If you can't name the 5 basic steps of money management, I suggest you stop trading immediately, get this book with a couple of ticks worth of money you'll not be losing while your not trading. Read it a few times, set up your money management spreadsheet and may you trade with clarity previously unknown in your endeavors in the futures market.
All trading opportunities are not created equally and part of a trader's job is ferreting out the best markets to trade. The chapter on commodity selection presents four approaches to market selection, based largely on the work of J. Welles Wilder, the father of ADX (Average Directional Index Indicator) and RSI (Relative Strength Index). Here, the book is a good review of Wilder's ADX but focuses on the less-known aspect of his work: the commodity selection index. Wilder's approach uses ADX to identify futures yielding the greatest dollar-value price-moves for a given margin investment, in short, getting you in on the most appealing trades. Balsara also shows the utility of Wilder's price movement index when it is it is not possible to determine or estimate reward, thereby enhancing the analysis and return in mechanical trading systems. Sharpe ratios are also considered as a way of measuring risk-adjusted returns.

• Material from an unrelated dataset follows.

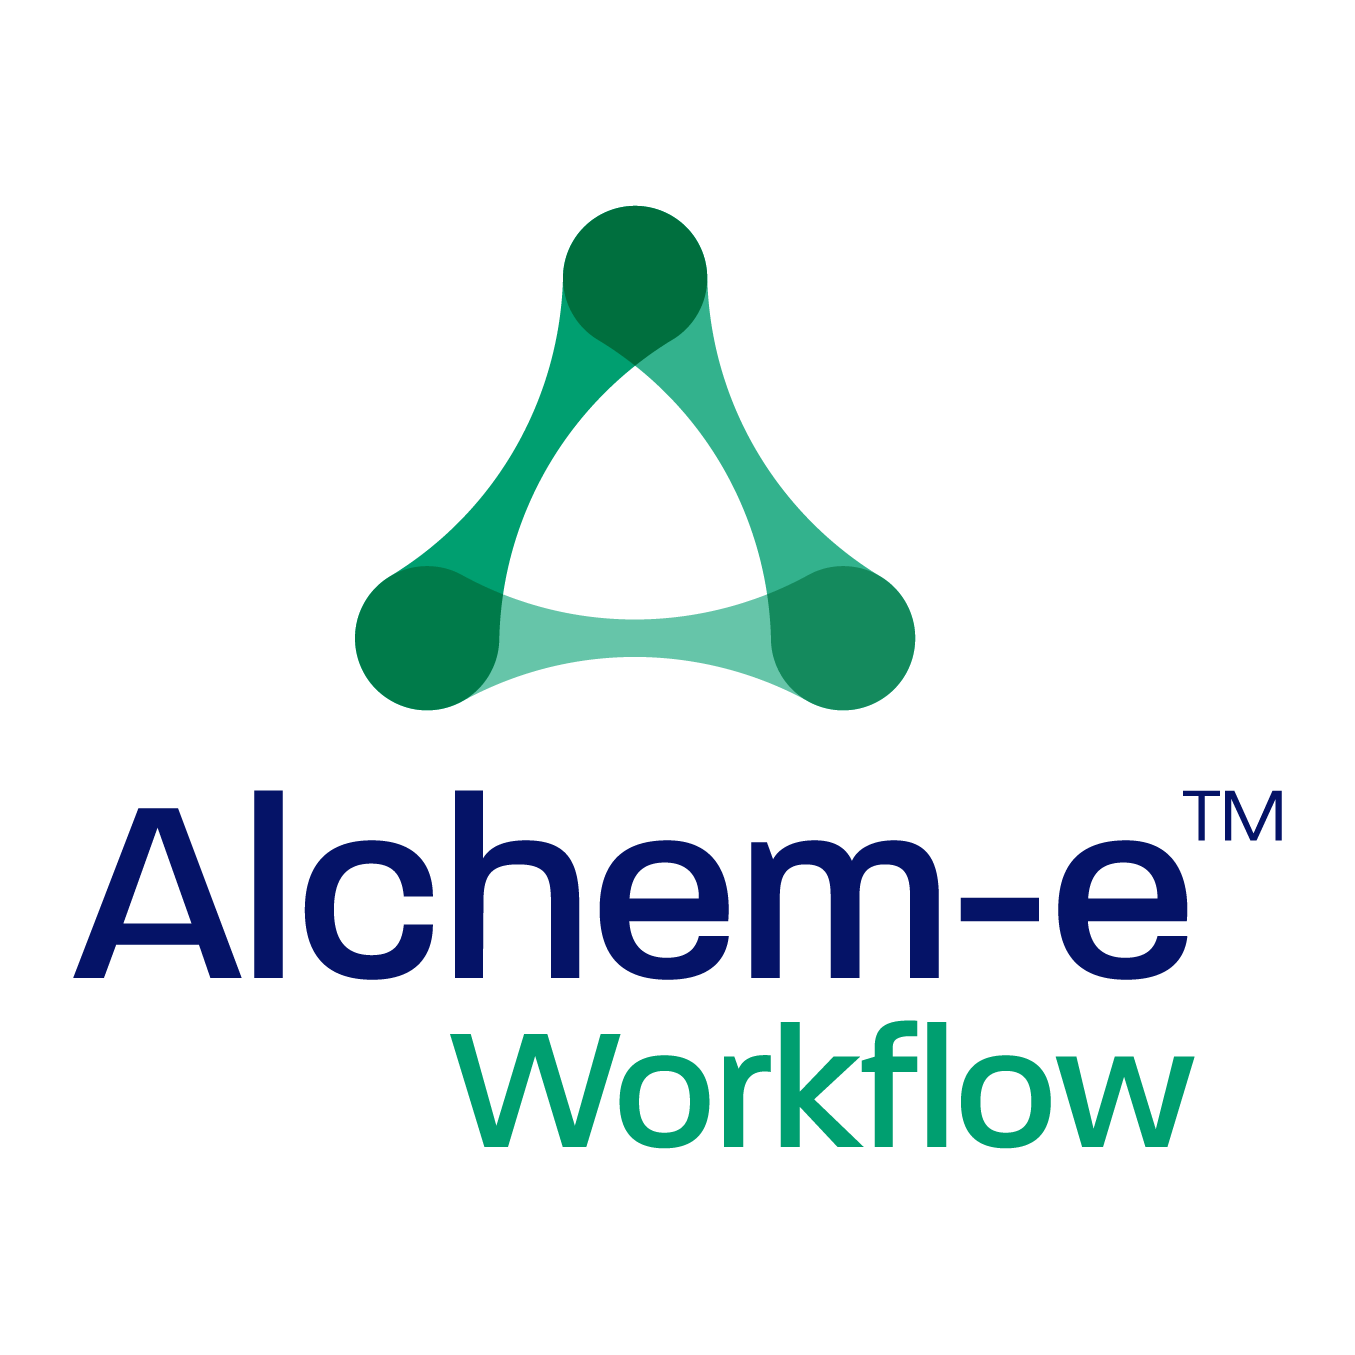 Alchem-e Workflow

The text gives useful approaches to managing risk through stop-loss orders by laying out the usage of time stops, dollar-value stops and volatility stops. There is also a presentation on how to survive locked-limit markets by creating synthetic options positions, spreads or offsetting positions in the cash markets.
A studied read of this finance professor's work will help traders develop both the skill and the art of disciplined risk-taking.